“I am so sorry that the Israeli government is afraid of the violence of a few young Arab people,” said Yonatan Yosef, a settler leader who lives in Sheikh Jarrah. But he promised that settlers would continue with their efforts to force Palestinians out of the neighborhood.
“The Israeli people will go back to their land, and those who don’t want that should go home,” Mr. Yosef said.
Peace Now, a campaign group that documents the expulsions of Palestinians in East Jerusalem, estimated that 200 Palestinian properties in strategic locations near the Old City of Jerusalem, housing several thousand residents, were at risk of eviction.

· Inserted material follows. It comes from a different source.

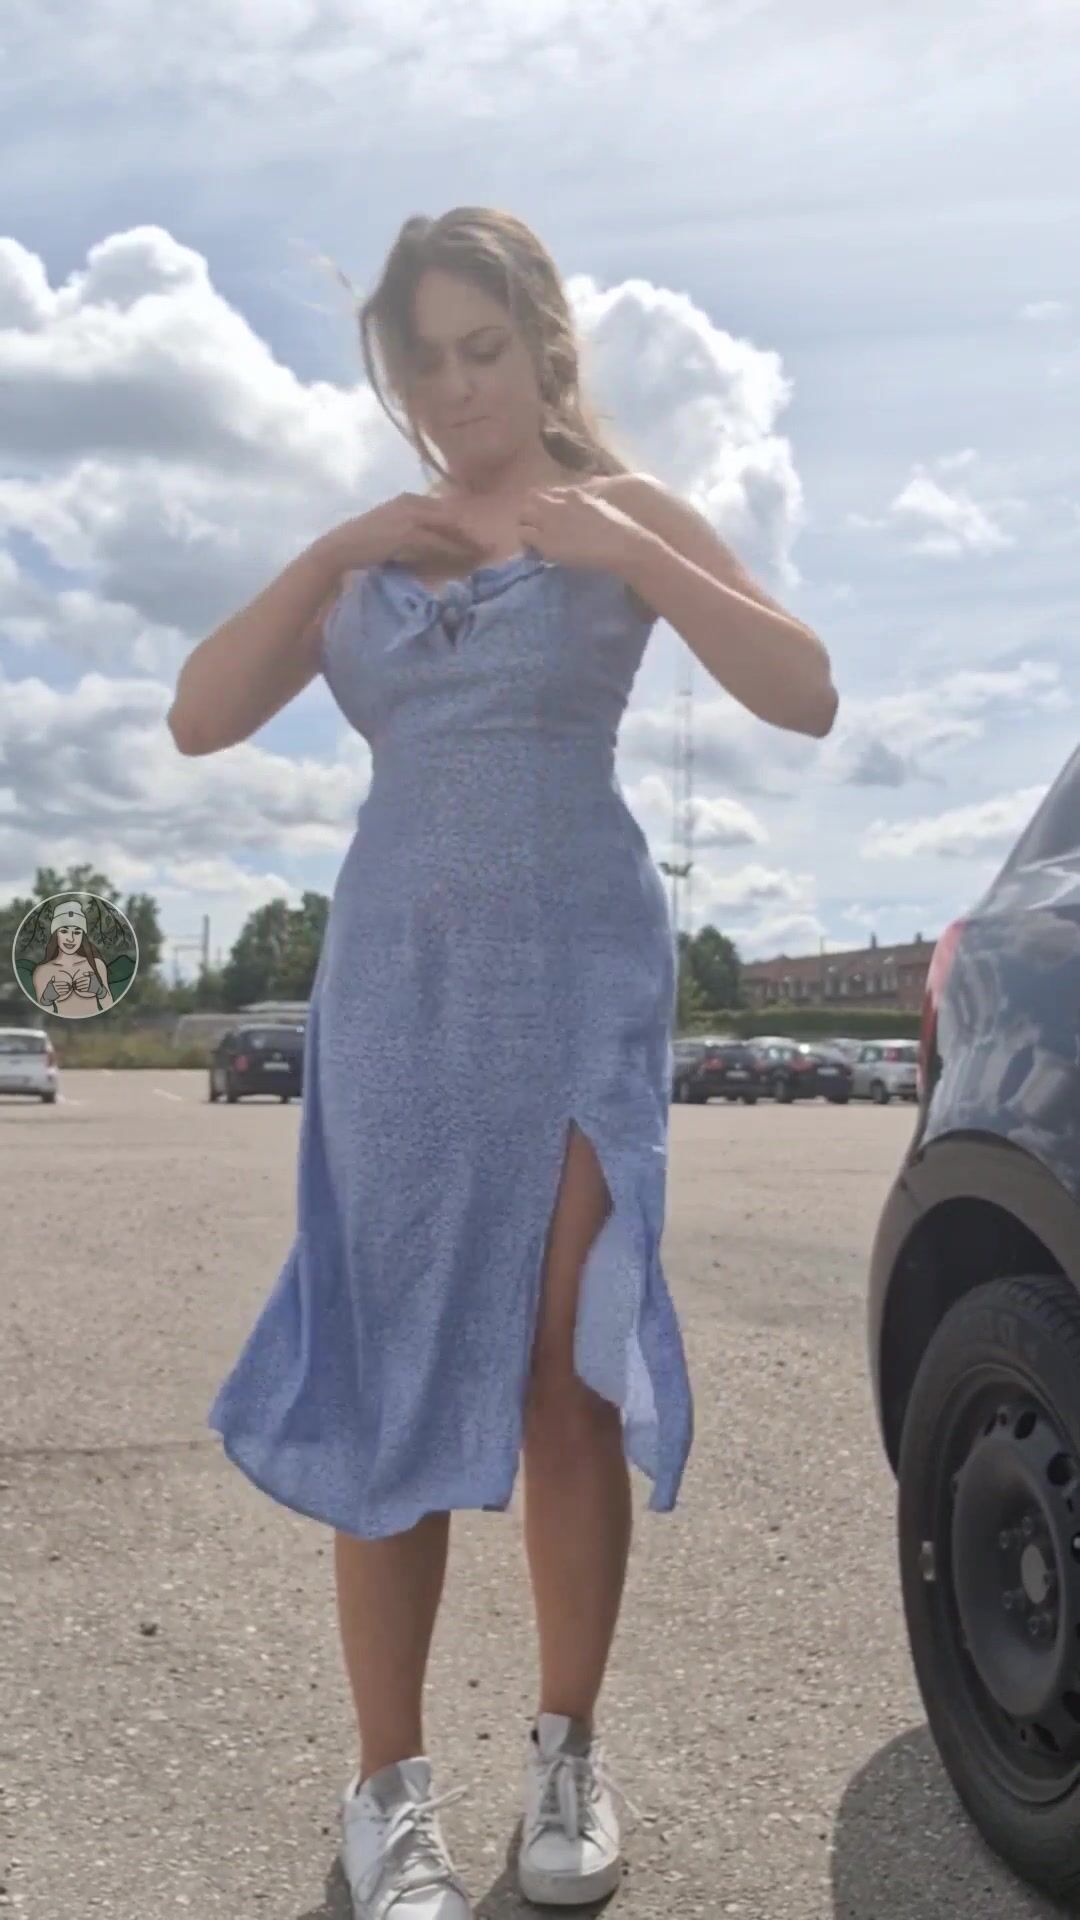 HotGirlMeg Change Dress in carpark

Up to 20,000 Palestinian homes across the city are under threat of demolition, according to Peace Now. Restrictions on building permits in East Jerusalem have forced Palestinian residents to either leave the city or to build illegal housing vulnerable to demolition orders.
The dispute in Sheikh Jarrah originated in 1876 when the land was under Ottoman rule. That year, Palestinian landowners sold a plot in Sheikh Jarrah to two Jewish trusts, an Israeli court has ruled. The land houses the tomb of a revered Jewish priest from antiquity, Shimon HaTzadik.
Jordan captured the plot in the Arab-Israeli war of 1948 and built dozens of homes there to house some of the hundreds of thousands of Palestinian refugees who had fled from what became Israel.
After Israel captured East Jerusalem in 1967, it eventually returned ownership of the Sheikh Jarrah homes to the Jewish trusts. The trusts later sold it to right-wing settlers, who have tried to evict the residents ever since. Some families have already been forced out, while the others are in various stages of the court process.